My grandfather issues are a long story, one I will leave for the next post. I will just say that he’s been emotionally abusive to my grandmother, my mother, me, for the most of his life. Now that he is really old, too old for anything else, he is just an old man for which my mom has to take care. Yet the thought of him makes me sick. For me, blood doesn’t equate family, and he certainly isn’t a part of mine. I realized that when I was a teenager when I started ignoring him when he was talking. Then I left for university and he stopped existing for me. But the thought of him in my room still made me feel sick.

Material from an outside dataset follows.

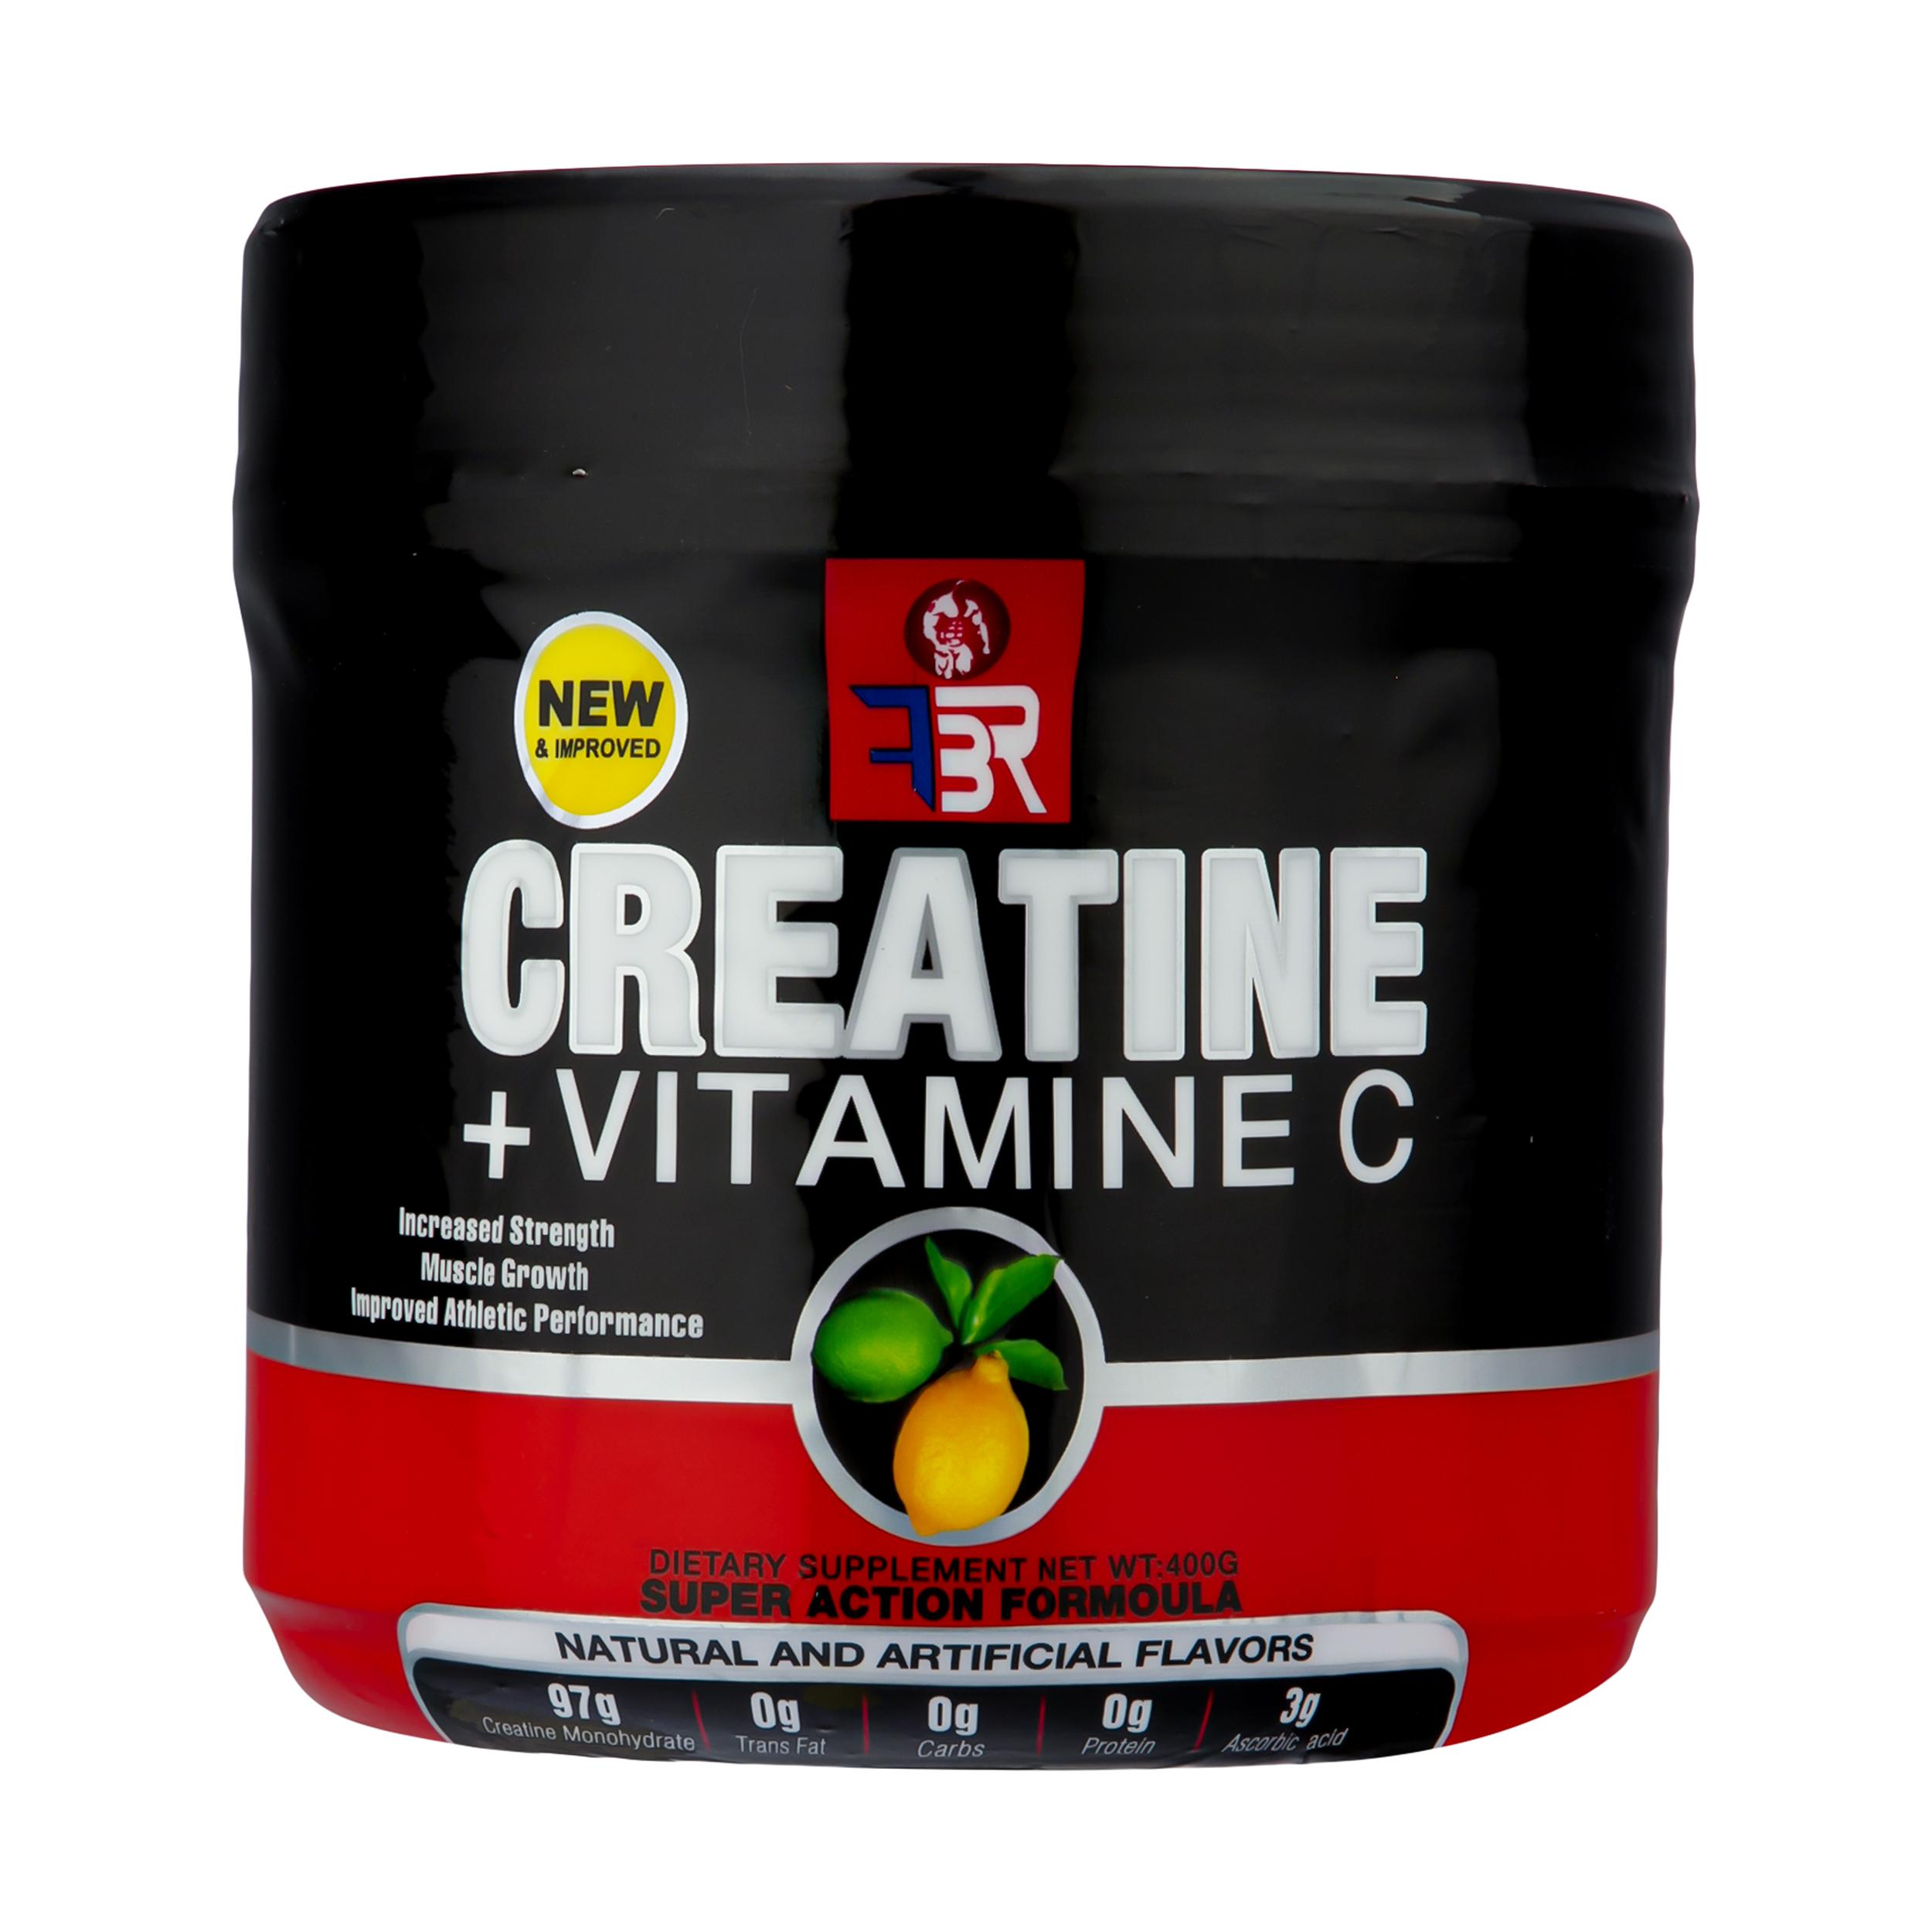 پودر کراتین+ویتامین C اف بی ار - 400 گرم
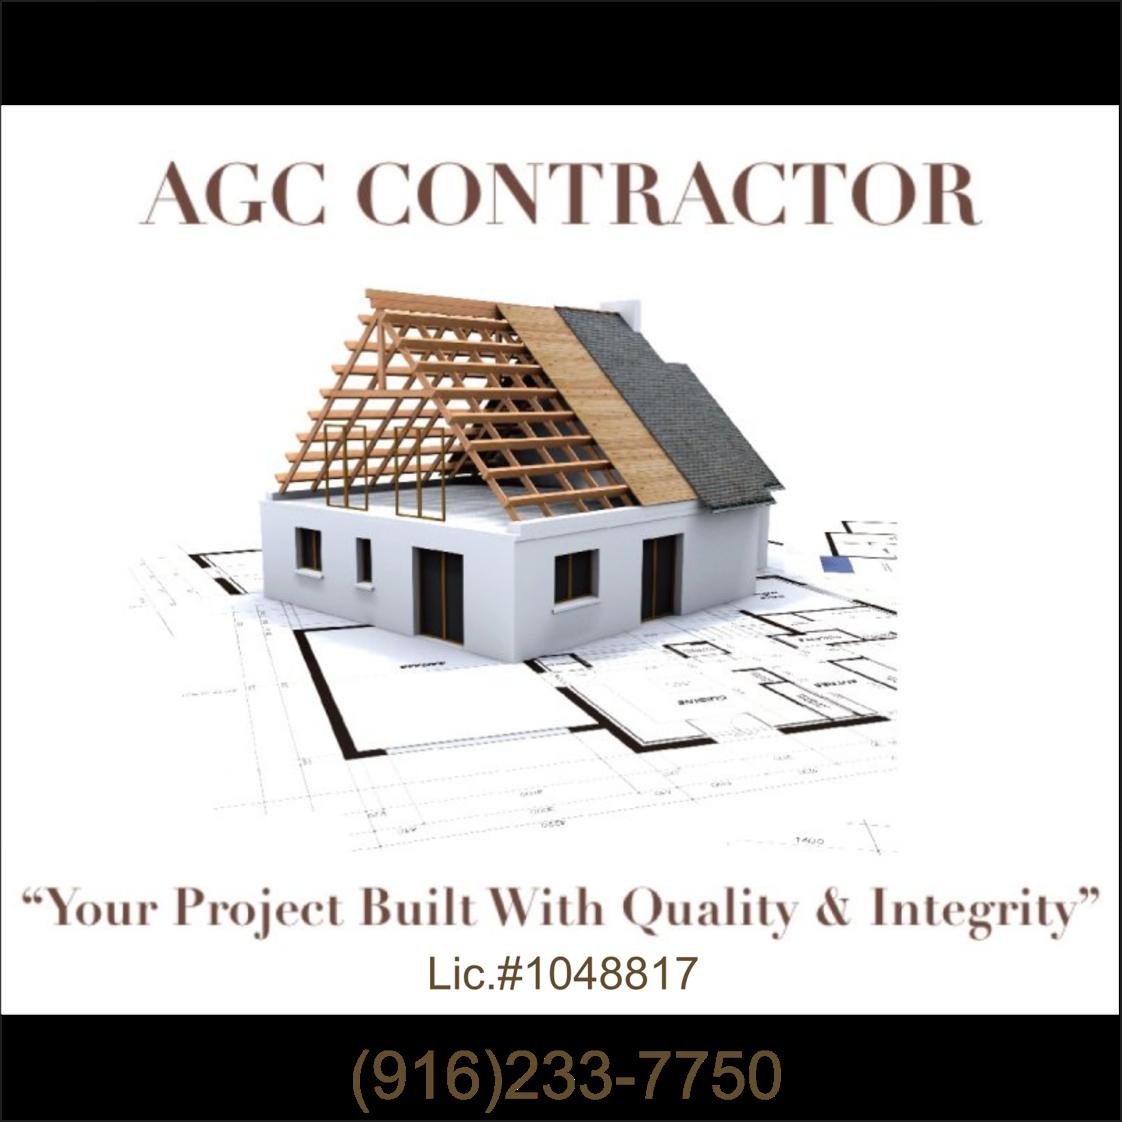 AGC Contractor

Visiting for a week meant sneaking through my own house like a thief, and sleeping on the couch in the living room. Pretending that I don’t hear the mid-night screaming. The first night I wake every hour, panicky and jittery, afraid of the old man in my room, to whom I hadn’t said a word in 7 years.

I feel amazed at my mom’s strength, to take care of him even when he has hurt her in many ways all her life, and she has enough problems just with her job. Being at home for a week, I feel tired and agitated, from the lack of sleep and dealing with him. I can only imagine how she feels. There are very little certain things in life. I never particularly liked the apartment we have, but it was still safe, and it was still home. Now nothing about it feels like home, and that is almost unimaginable. Now, when I am a border away from there, I finally feel…safe. Sad part is, no matter how much I know my mom has learned to tolerate him, I know it takes a toll on her. Just like all such thing do. And when I was in that bad summer, at least I knew it was for  months- though every day felt longer and longer- which she has no deadline for how long she will deal with this.

So for both our sake, I try to be healthier, do the best when I am in my new home, and can really work, to deal with my issues so that I feel good enough to help her in some ways.

I guess we never really leave our past, do we?

I thought my childhood issues were nothing but my past, “how things were” back than. That first night, when I wake up from the screaming, I know that it’s time I face all my shadows. One at a time.